In principle, it is assumed that the potential energy is derived simply from the position and is the passive, reciprocal factor of the active element that originates the kinetic energy and the appreciable movement that is the force —one and the other would be the static and the dynamic case. In Newton the idea of potential is strictly the inverse of the force, then its sum should be by definition equal to zero; but the Lagrangian introduced a century later tells us that the kinetic energy is greater than the potential energy and therefore has a positive value. This should have already raised suspicions, but since the point was to facilitate derivatives and calculations, nobody protested.
If the potential energy is the static case and the kinetic energy the dynamic one, Are they both equivalent?
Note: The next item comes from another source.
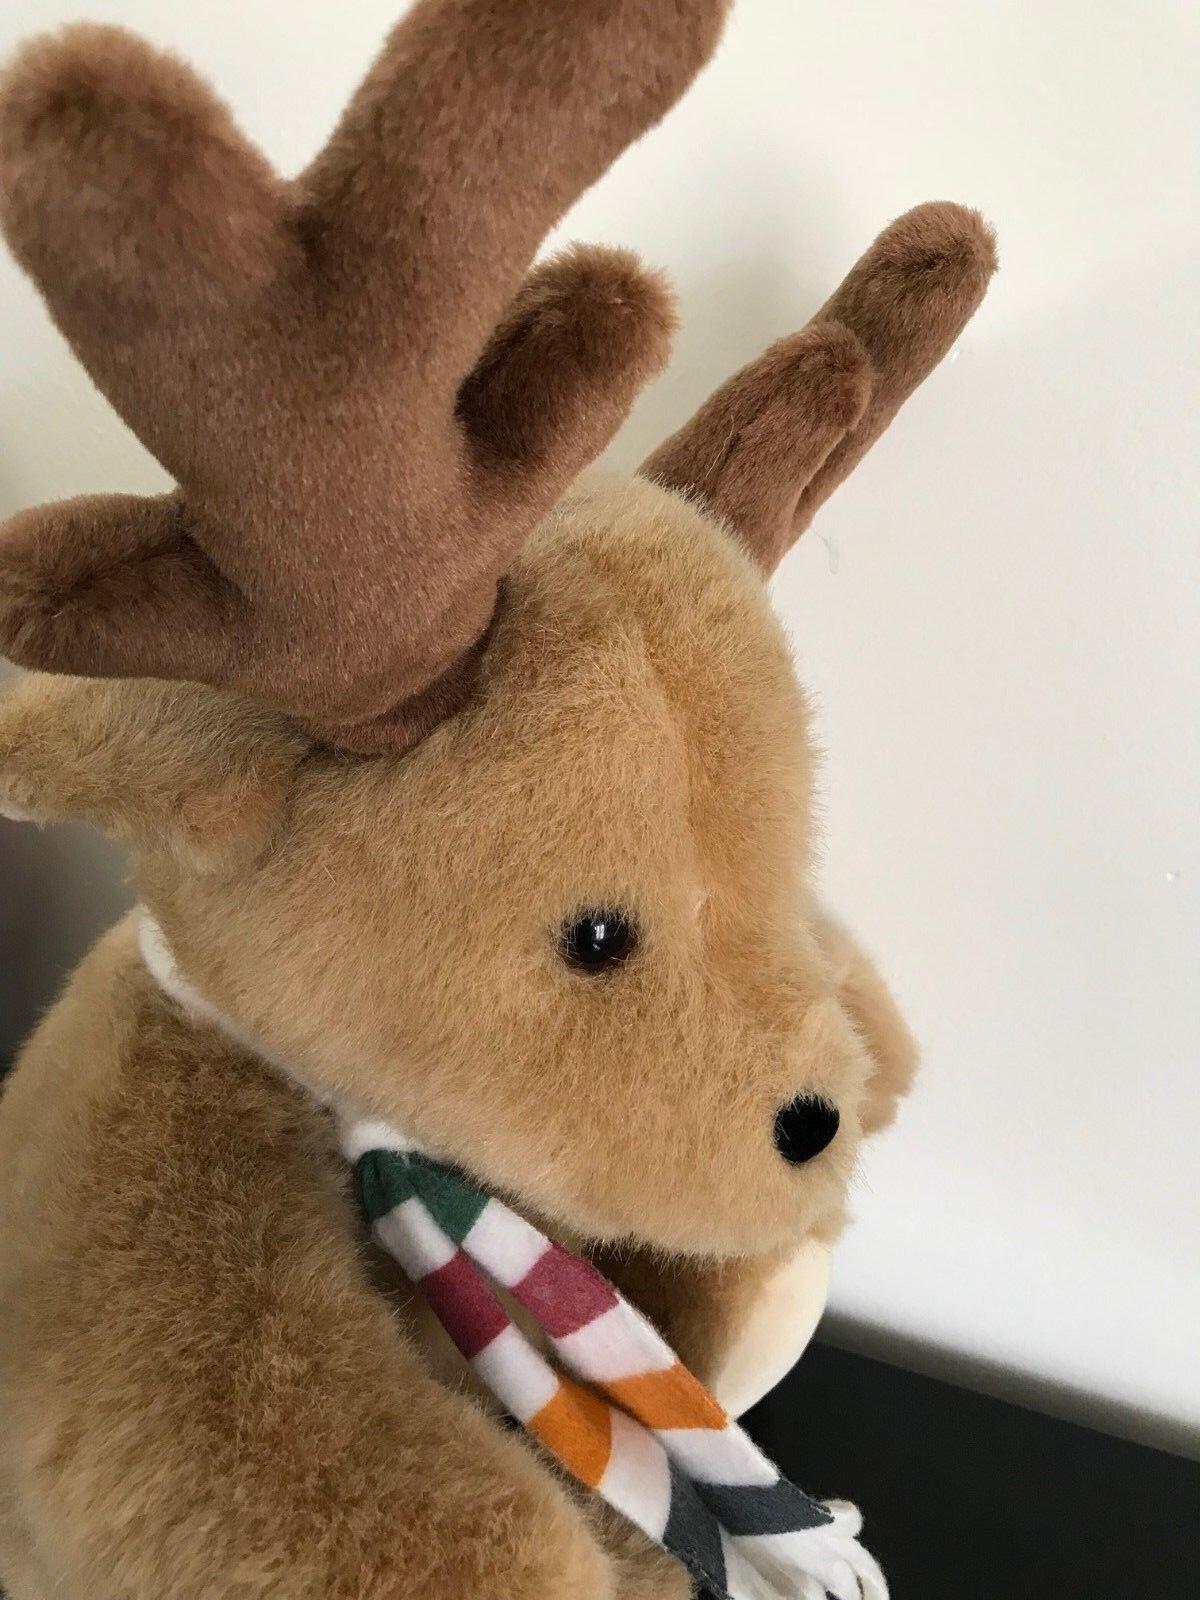 Hudsons Bay Company Vintage Reindeer Hudson Bay Scarf Scarf Scarf Stuffed Toy 13

Weber’s force law, applicable both to electrodynamics and to celestial mechanics, allows a different view of the subject: all the invariable forces, as in the case introduced by Newton, are reduced to the static case, and only the forces dependent on the speeds and relative accelerations allow to speak properly of a dynamic case. Weber’s law is the first instance of purely relational force in dynamics but, as we all know, his argument, although perfectly valid, was not followed.
Is the kinetic energy the same than the potential energy for our self-perception? It seems clear that this is not the case: our body deforms with gravity when this one is only potential, but it doesn’t deform when gravity manifests itself directly as motion, as in the case of free fall. And yet the deformation is the first indication of the acting presence of a force! Our body’s interpretation of these things seems quite at odds with the calculus view and its conveniences, though it isn’t incompatible with it either.
Probably the static/dynamic distinction is more important than what the framework of dynamics shows —since dynamics, by its very definition, has already decided what its priority is. That is, the values associated with the positions are already bound to the forces and no other consideration. This is perfectly legitimate from its own point of view and there is no problem with it; but it doesn’t exhaust the case either.
Before the term “potential energy” came in —a term that apparently Rankine first introduced- it was not uncommon to call it tension, as in the celebrated Helmholtz paper of 1847 that so much harmed Weber’s theory; and still today stresses of diverse types and systems are counted as potential energy. This is not something that makes it independent of the priorities of dynamics to our view, but at least it does not relegate it to the purely passive role that we use to grant it.
An additional point is that thinking in terms of forces compels us to think exclusively in terms of controllable quantities. We can measure other values, but if they are not within the framework of what we can control and follow in a deterministic evolution, they are labelled as accidental. This is patent in something as universal and classical as the constitutive law of materials; but we can see it also, for example, in non-local quantum correlations.
Weber’s force law, earlier and more general than Maxwell’s formulation, can be equally extended to hydrodynamics, thermodynamics, and many other situations. It is also the most elementary example of intrinsic feedback in a fundamental physical law, since the length of interaction influences itself through the force of interaction. We have already pointed out elsewhere that the very Newtonian case for the ellipse hides a self-interaction or feedback right from the start, to the point that the closed ellipse can not subsist without it —there is really no local conservation of forces. Therefore, the most general fundamental laws, such as gravity and electromagnetism, to the extent that they require principles of action, do not seem possible without feedback. In other words, the principle of stationary action seems to hide a feedback principle.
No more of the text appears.